TASK GOAL —
Print out every line of the material exactly. Include no pictures.

GIVEN DATA —
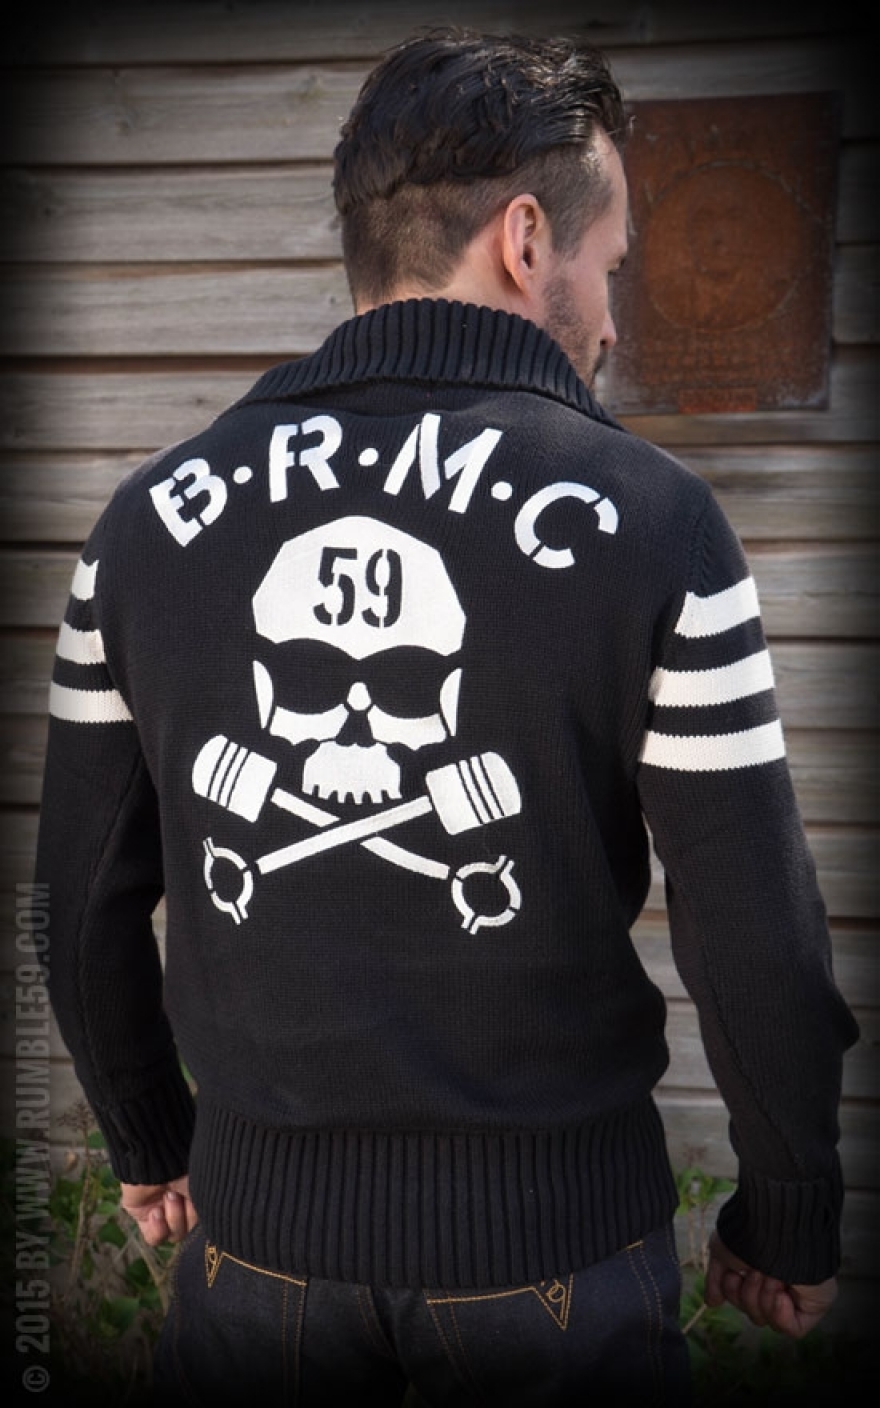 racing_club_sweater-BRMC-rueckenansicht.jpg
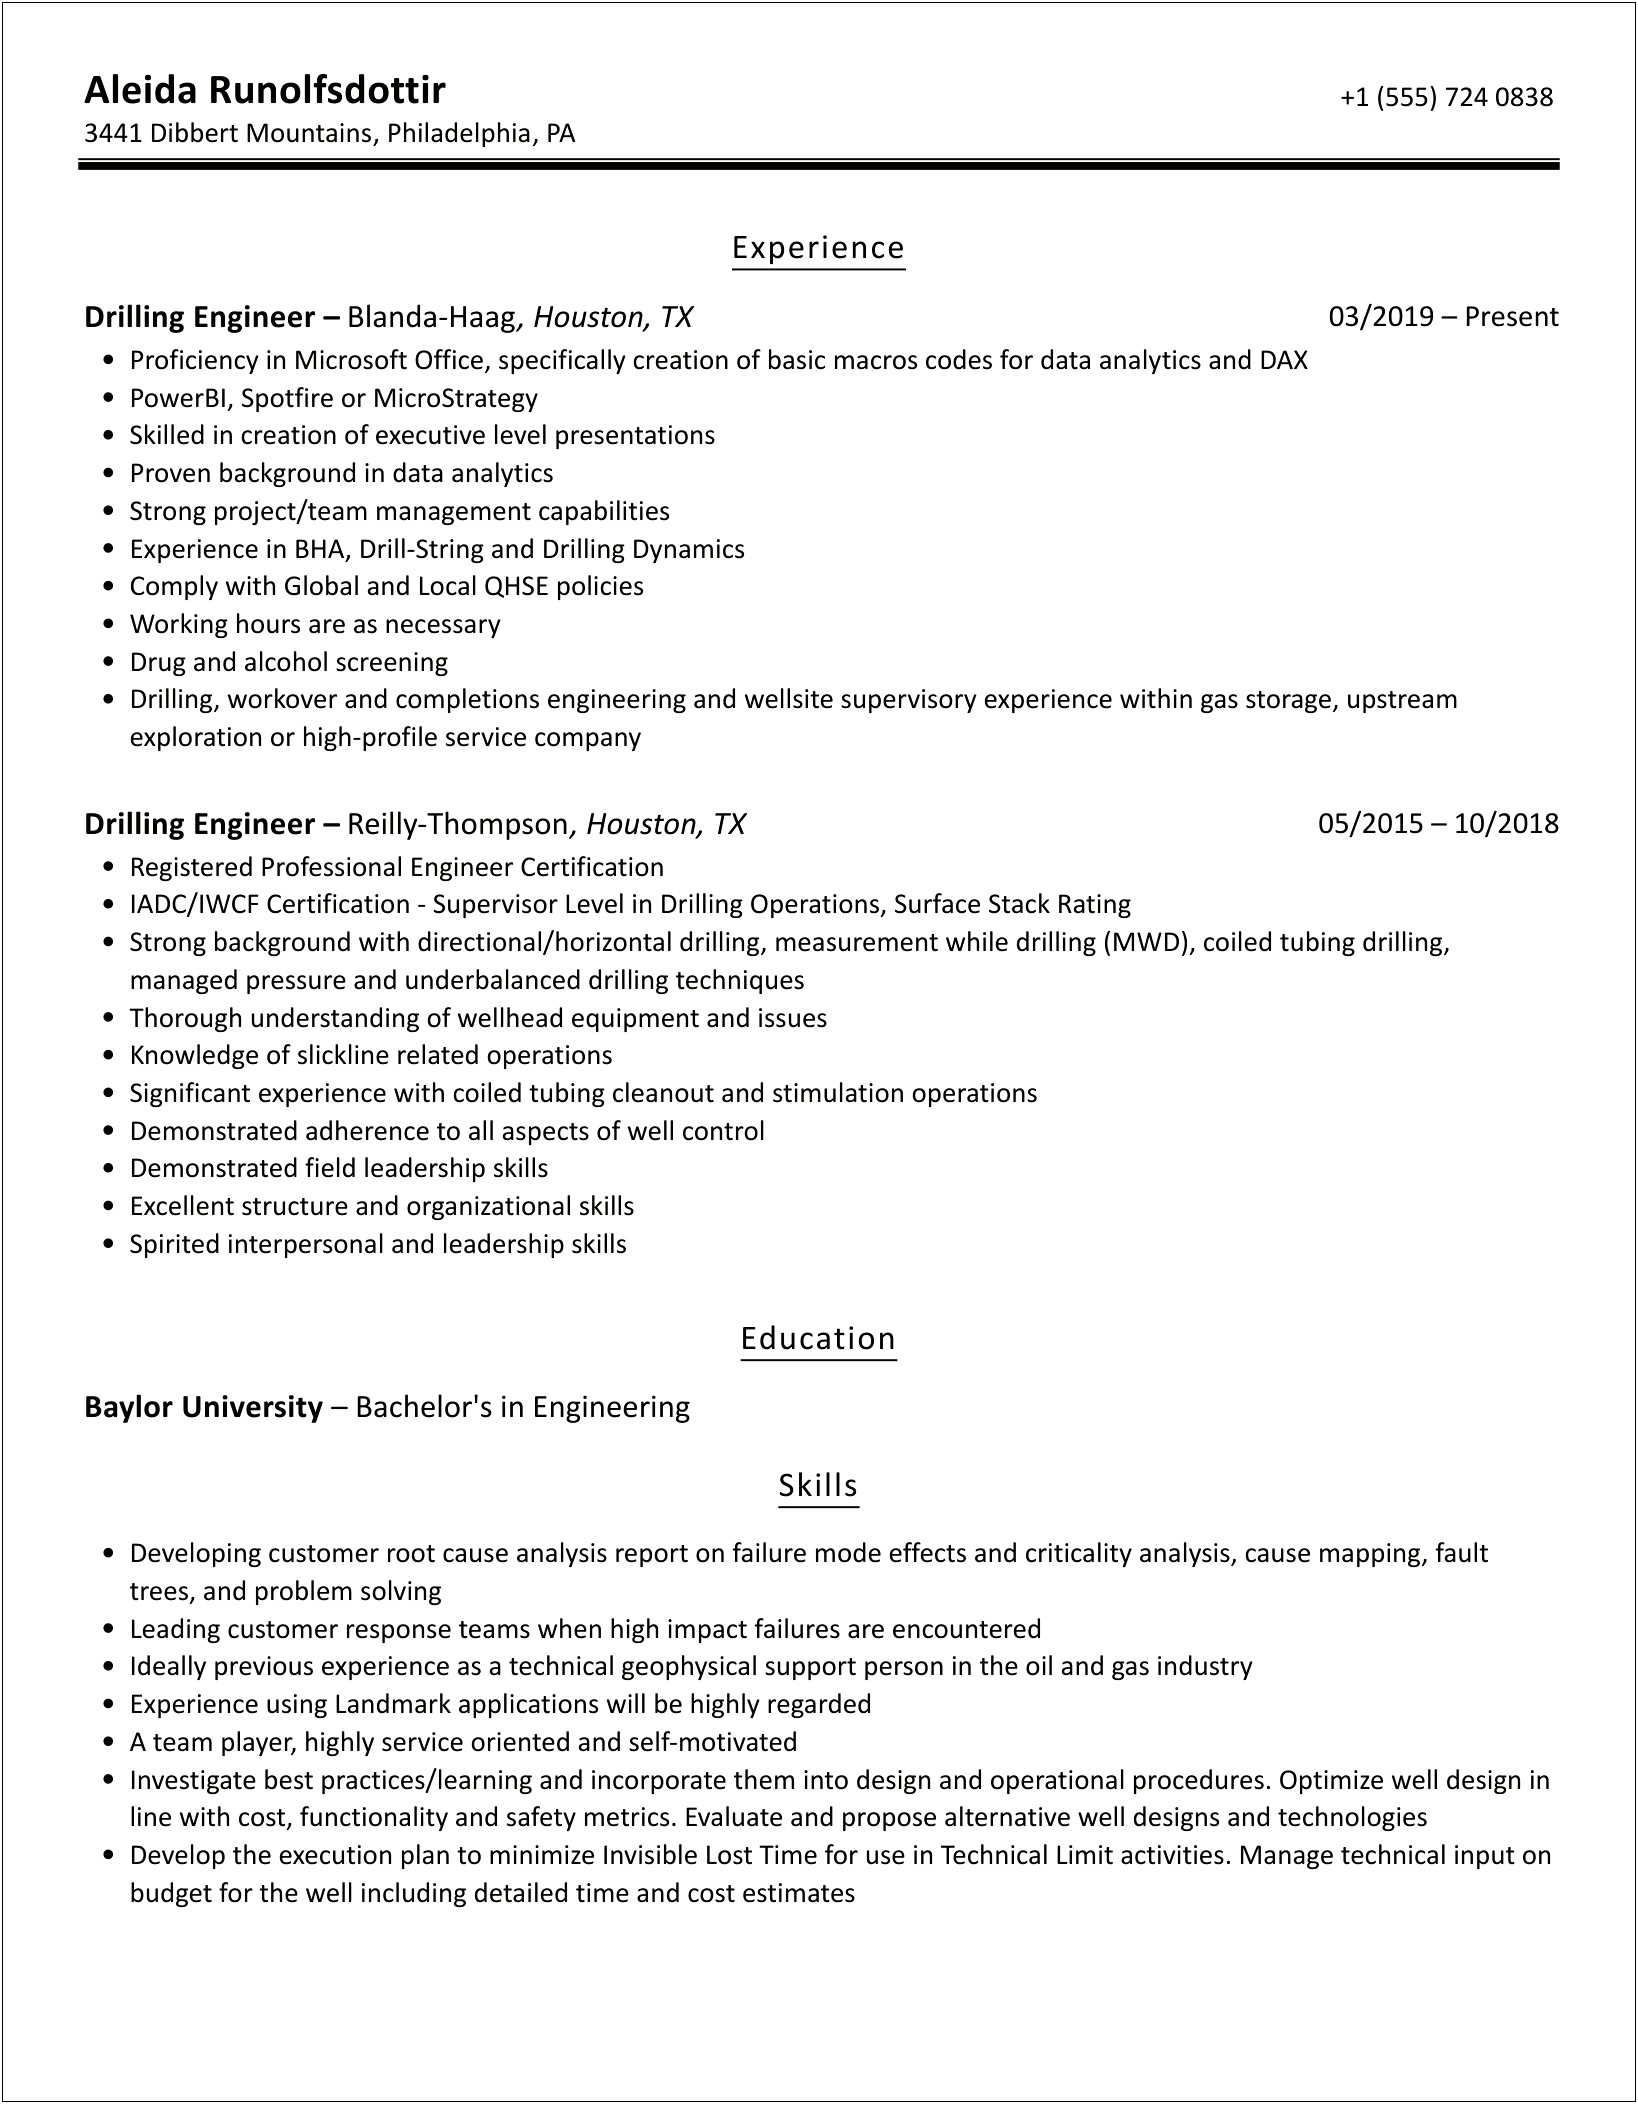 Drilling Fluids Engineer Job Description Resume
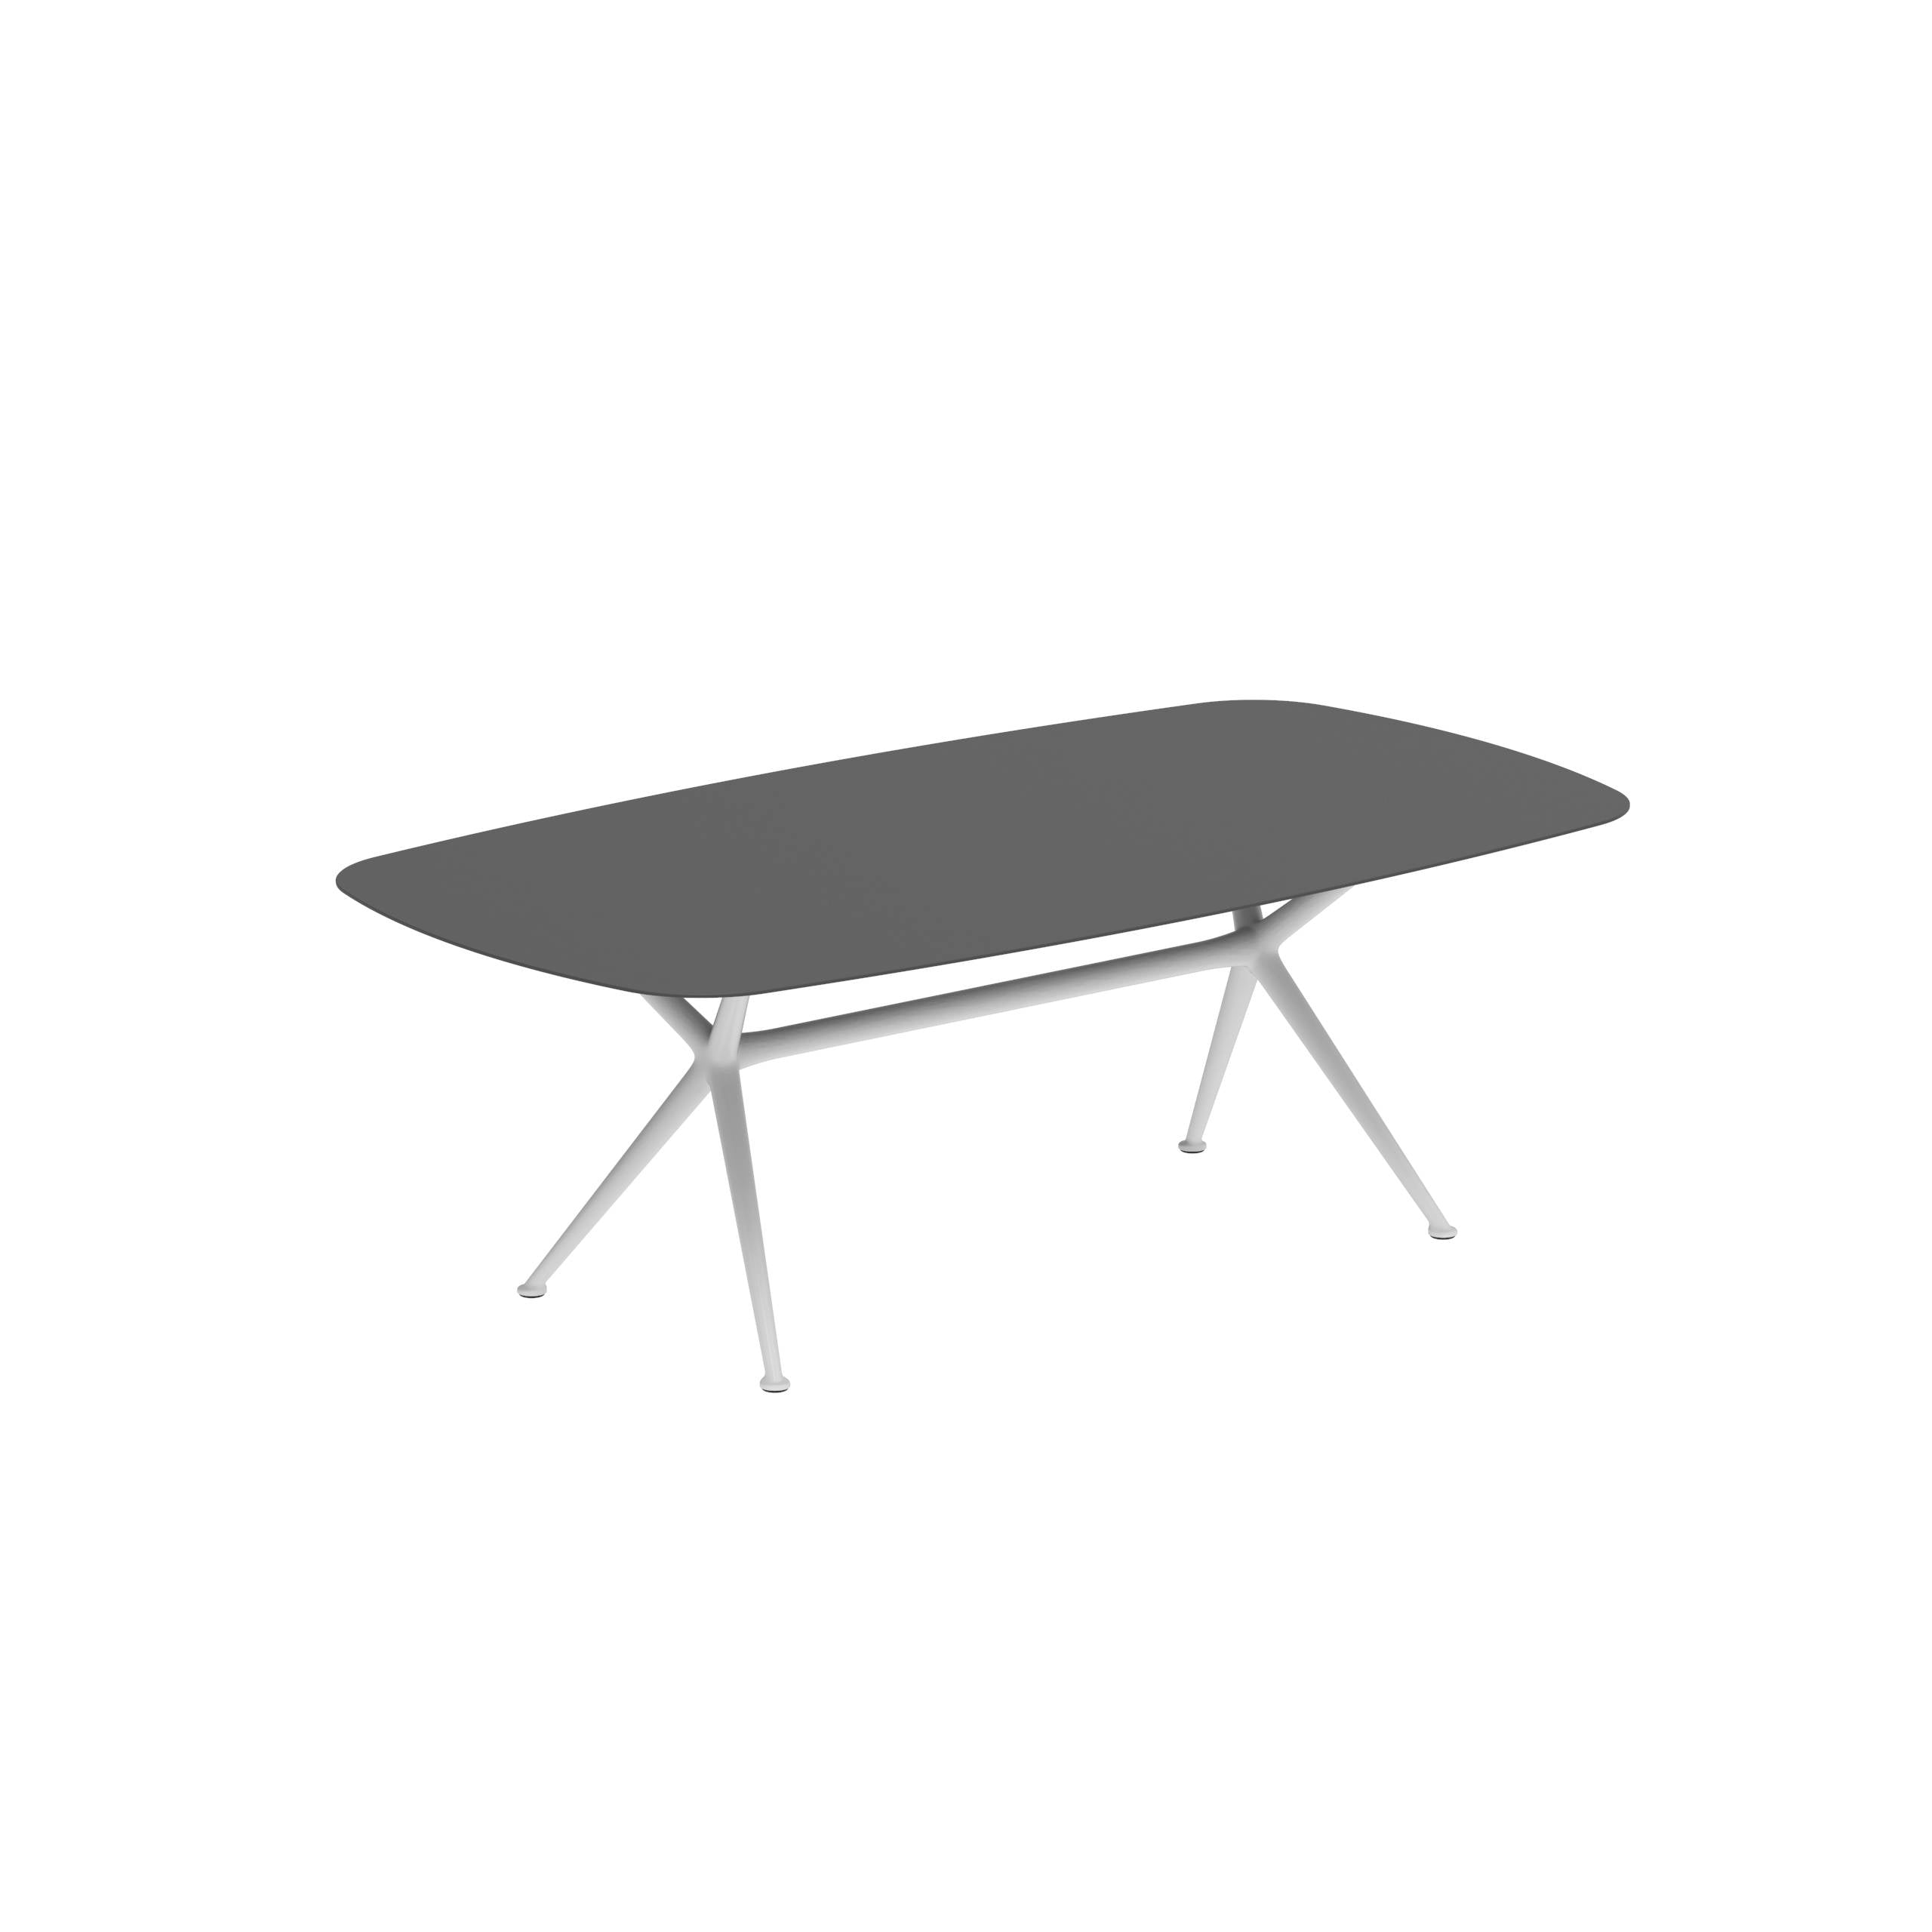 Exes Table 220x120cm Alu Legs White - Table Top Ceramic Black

YOUR RESPONSE —
 racing_club_sweater-BRMC-rueckenansicht.jpg
 Drilling Fluids Engineer Job Description Resume
 Exes Table 220x120cm Alu Legs White - Table Top Ceramic Black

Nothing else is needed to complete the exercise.